Janet jumps off a high-diving platform with a horizontal velocity of 3.5 m/s and lands in the water 1.7 s later. How high is the platform, and how far from the base of the platform does she land?
When finding how high the platform is the horizontal velocity isn't important.
S= 1/2at^2 where S is the displacement and a is the acceleration due to gravity (9.8)
so
S=(1/2) (9.8) 1.7^2
S=4.9*1.7^2
S=14.161 meters
When finding how far from the base Janet lands use the formula:
D=Ut where D= the distance from the platform, U= the horizontal velocity, and t= time
So:
D=Ut
D=3.5*(1.7)
D=5.95
Simple isn't it?
Janet jumps off a high diving platform with a horizontal velocity of 2.64 m/s and lands in the water 2.8 s later. How high is the platform? The acceleration of gravity is 9.8^2 m/s. Answer in units of m
To find the height of the platform, we can use the formula for vertical displacement:
Δy = v₀y * t + (1/2) * a * t²
Where:
Δy = vertical displacement (height of the platform)
v₀y = initial vertical velocity (0 m/s, since Janet jumps off horizontally)
t = time (1.7 s)
a = acceleration due to gravity (-9.8 m/s²)
Plugging the values into the formula:
Δy = 0 * 1.7 + (1/2) * (-9.8) * (1.7)²
Simplifying:
Δy = -0.5 * 9.8 * 2.89
Δy = -14.098 meters
Since the height cannot be negative, we take the absolute value:
Δy = 14.098 meters
Therefore, the height of the platform is approximately 14.098 meters.
To calculate the horizontal distance, we can use the formula:
Δx = v₀x * t
Where:
Δx = horizontal distance
v₀x = initial horizontal velocity (3.5 m/s)
t = time (1.7 s)
Plugging in the values:
Δx = 3.5 * 1.7
Δx = 5.95 meters
Therefore, Janet lands approximately 5.95 meters from the base of the platform.
To find the height of the platform and the horizontal distance Janet lands from the base of the platform, we can use the equations of motion.
Step 1: Determine the vertical (upward/downward) motion
Since Janet jumps off the platform with a horizontal velocity and lands vertically in the water, we can analyze her vertical motion separately. We'll use the following equation of motion:
h = h0 + v0t + (1/2)gt^2
Where:
h is the final height (the height of the platform)
h0 is the initial height (0 in this case, as she starts from the platform)
v0 is the initial vertical velocity (unknown)
t is the time taken (1.7 s)
g is the acceleration due to gravity (-9.8 m/s², assuming downward direction)

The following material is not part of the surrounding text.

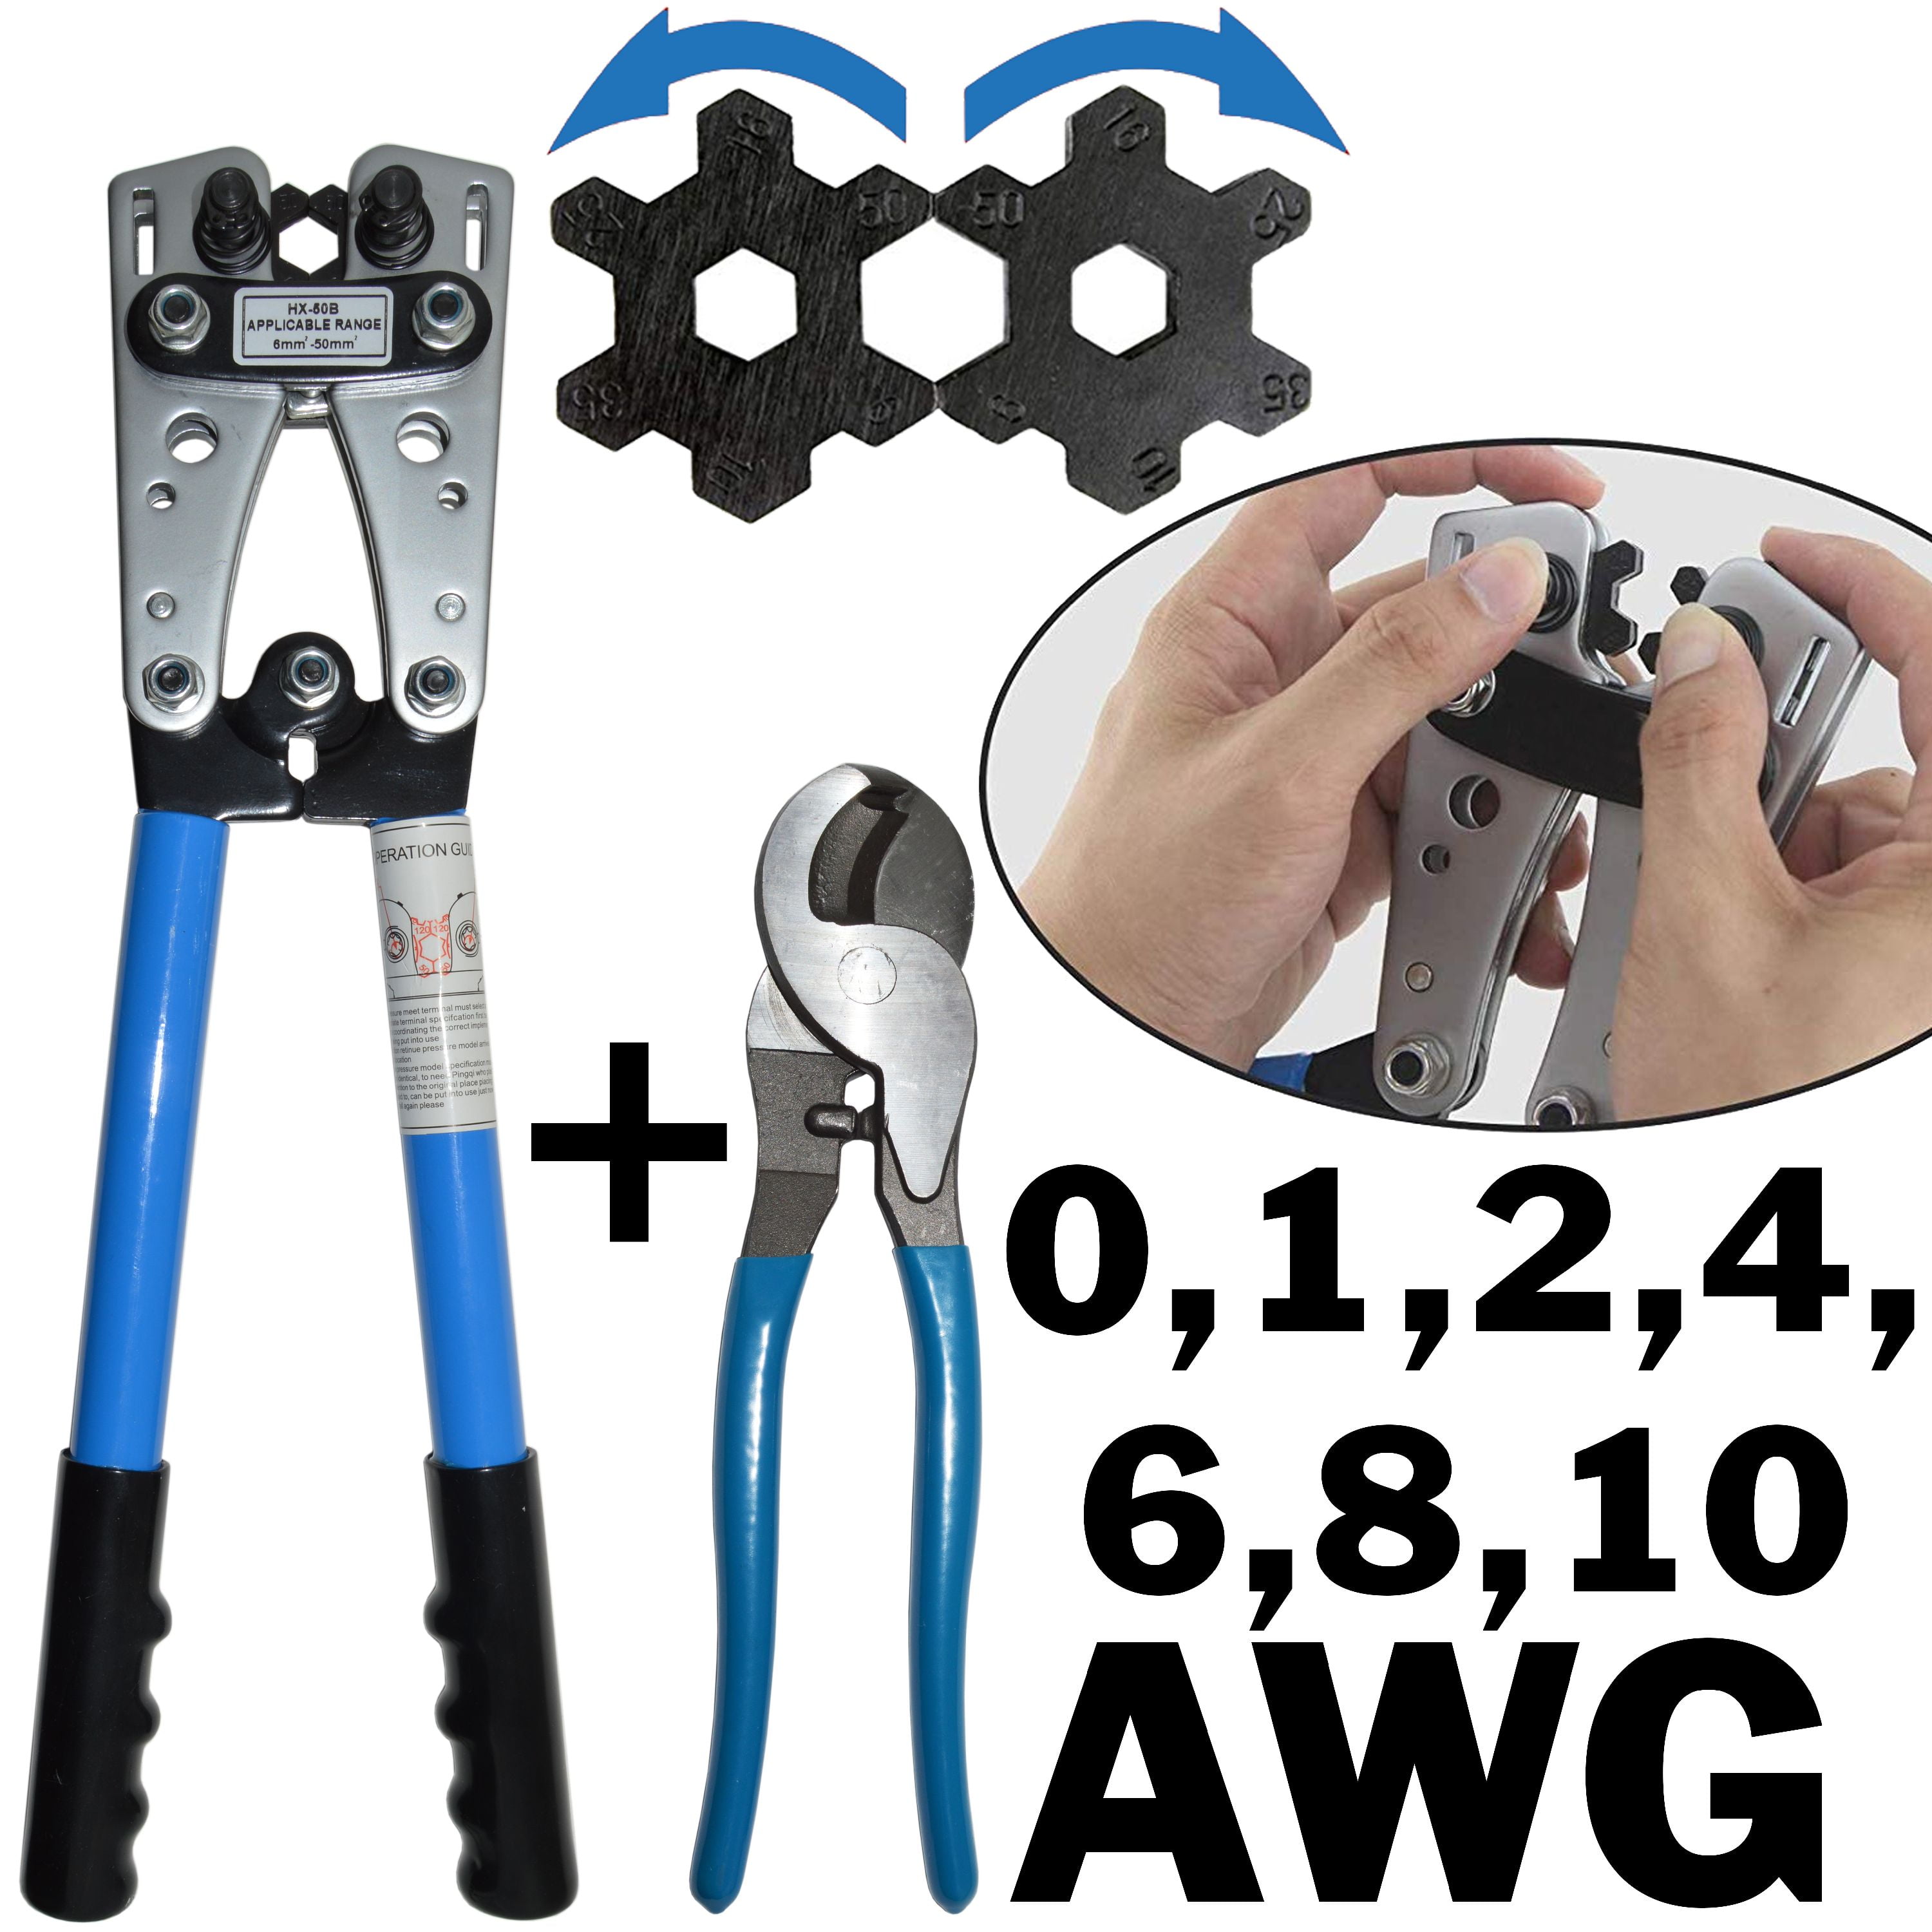 8" CABLE WIRE CUTTERS Crimping Snipping Stripper Electrician Terminal Pliers

Substituting the known values into the equation, we get:
h = 0 + v0 * 1.7 + (1/2) * (-9.8) * (1.7)^2
Simplifying, we have:
h = 1.7v0 - 13.333
Step 2: Determine the horizontal motion
Janet jumps off the platform with a horizontal velocity of 3.5 m/s, and she spends 1.7 seconds in the air before landing. Therefore, the horizontal distance she covers can be calculated using:
d = v0 * t
Where:
d is the horizontal distance (unknown)
v0 is the horizontal velocity (3.5 m/s)
t is the time taken (1.7 s)
Substituting the known values, we get:
d = 3.5 * 1.7
Simplifying, we have:
d = 5.95
So, Janet lands a horizontal distance of approximately 5.95 meters from the base of the platform.
Step 3: Solve for the height of the platform
Now that we have the horizontal distance, we can substitute it back into the first equation to solve for the height of the platform:
h = 1.7v0 - 13.333
0 = 1.7v0 - 13.333 - h
h = 1.7v0 - 13.333
Since we already found the horizontal distance to be 5.95 meters, we can substitute this value in the equation:
h = 1.7v0 - 13.333
0 = 1.7v0 - 13.333 - 5.95
0 = 1.7v0 - 19.283
19.283 = 1.7v0
v0 = 19.283 / 1.7
v0 ≈ 11.39
Finally, substitute the value of v0 back into the equation to find the height:
h = 1.7 * 11.39 - 13.333
Calculating, we get:
h ≈ 4.833
Therefore, the height of the platform is approximately 4.833 meters. Janet lands a horizontal distance of around 5.95 meters from the base of the platform.